The city has been exploring the idea with developers for more than a year as a way of saving money on long-term street repair. Asphalt surfaces on the curved bulb end of cul-de-sacs are more expensive to maintain because repeated trips by heavy trucks such as trash haulers can push the asphalt into an uneven surface, say city officials. The city also gets more complaints from homeowners when the asphalt cul-de-sacs are chip/sealed, they said.
But the home builders group has resisted the idea because it will add significant cost to building the street and that cost is borne by developers. The group has warned that using concrete instead of asphalt could add $4,000 to the cost of every new cul-de-sac home and that extra cost could lead developers to drop the popular street endings in Overland Park.
That figure differed from the city’s projected $1,000 per home, and those differing numbers were one reason the committee decided to delay a recommendation.
Committee member Faris Farassati warned the association to come back with verifiable facts.
“I for sure understand the value of continued conversation,” he said, “but at least if you are taking us to a continued conversation with our staff and taking their time…come with some concrete studies. Don’t come with feelings.”
Farassati was referring to an opinion survey commissioned by the association that rankled several members of the committee.
Joshua Clark, executive vice president of the Home Builders, quoted survey results saying Overland Park residents soundly reject the idea of concrete-paved cul-de-sacs. But some members of the committee said it gave respondents inaccurate information and then pushed their calls through to council members’ phone numbers.
Council member Paul Lyons said the questions on the survey were “loaded” and others said their callers were being fed misinformation by the survey takers. Farassati noted that the fact that the home builders group helped write the questions, which made the survey untrustworthy from a scientific point of view.
Clark maintained the questions were not misleading. “I stand by the survey 100 percent,” he said.
But committee members said they would put aside their anger over the survey tactics and consider other arguments from the builders. Harold Phelps, president of the association, said the city should be especially careful because what Overland Park does is likely to be copied by other cities.
“It’s in our best interest to keep the standards high. But incrementally we have to be careful we kill the golden goose.
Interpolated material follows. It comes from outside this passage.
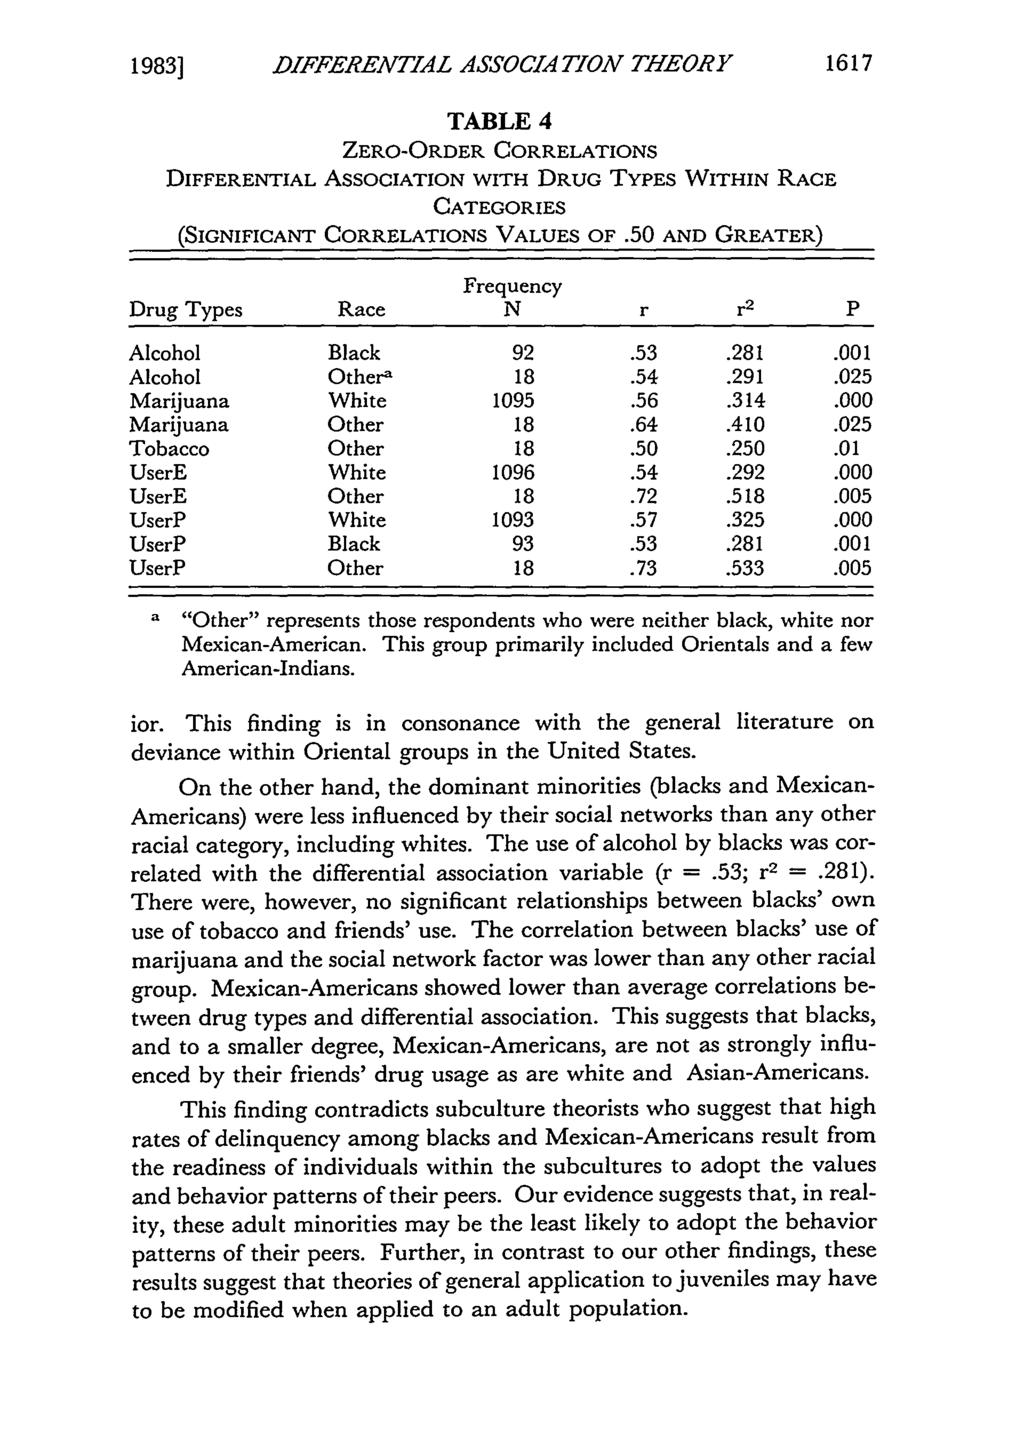 19831 DIFFERENTIAL ASSOCIATION THEORY 1617 TABLE 4 ZERO-ORDER CORRELATIONS DIFFERENTIAL ASSOCIATION WITH DRUG TYPES WITHIN RACE CATEGORIES (SIGNIFICANT CORRELATIONS VALUES OF.

Twenty-five percent of the cost of a home is regulations,” Phelps said.
City staff has supported using concrete on the cul-de-sac bulbs because the asphalt surface there degrades 40 percent faster than it does on straight streets. In 2015-16, cul-de-sacs accounted for 10 percent of residential street maintenance program but generated about half of customer complaints to the city when they were chip/sealed, said Burt Morey, city engineer.
“We’re not trying to get rid of cul-de-sacs. We know they’re desirable. We’re just trying to get rid of a long-term maintenance issue,” Morey said.